Of the small number of men who may still be in contact with children professionally, none has any criminal conviction that the BBC has been able to find - meaning they could have passed in-depth background checks when applying for jobs.
Those men are part of a wider group of nearly 70 on the list, who the BBC team has identified as having been in work likely to bring them into contact with minors.
Teachers make up half that group - work addresses are typed alongside some of the names on the list. The rest include social workers, sports coaches, youth workers, doctors, clergy, lay preachers and military officers involved in youth activities.
The podcast team tried to contact all those people still alive and working - most of whom are believed to be living in the UK.
One claimed his name was on the list because of PIE's links in the 1970s with a gay youth support group.

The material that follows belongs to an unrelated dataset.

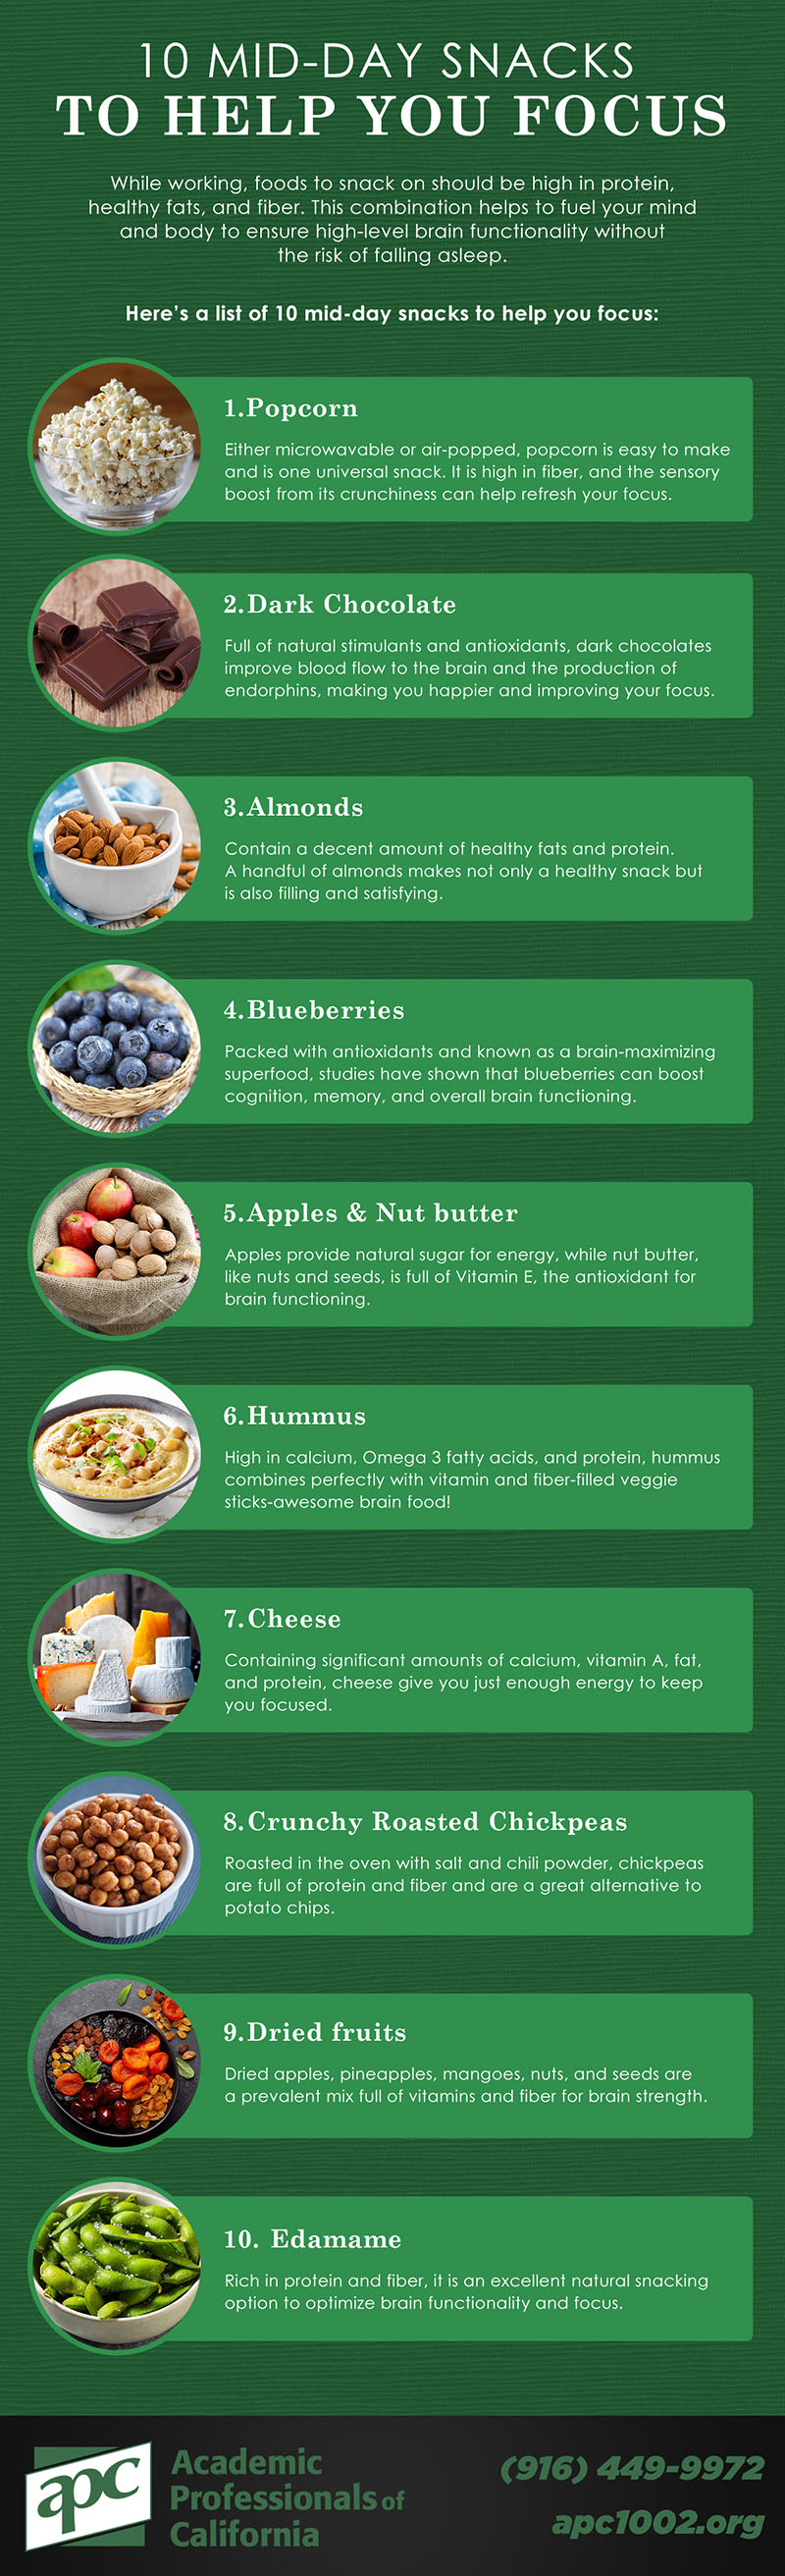 10 Mid-day Snacks to help you focus

A second admitted he had been a member, but only because he had agreed with PIE that the disparity in the age of consent laws was unjust. Men in England and Wales had to be 21 to have sex with other men prior to 1994 - when the legal age was lowered to 18. Six years later it was reduced to 16, in line with straight sex. The man told the BBC he was not and never had been a paedophile.
A third man, currently teaching children in a private school outside of the UK, refused to speak any further after PIE was mentioned to him.
No-one else has so far responded to approaches by the BBC.
The BBC team obtained the PIE list from a former senior social worker - Peter McKelvie - who handed over a shopping bag full of historical documents, letters, internal memos and old newspaper cuttings spanning three decades.
Through his work, Mr McKelvie had started seeing connections between child abusers in the information he collected through his work - but gradually became frustrated about the abilities of police or social services to stop paedophile networks.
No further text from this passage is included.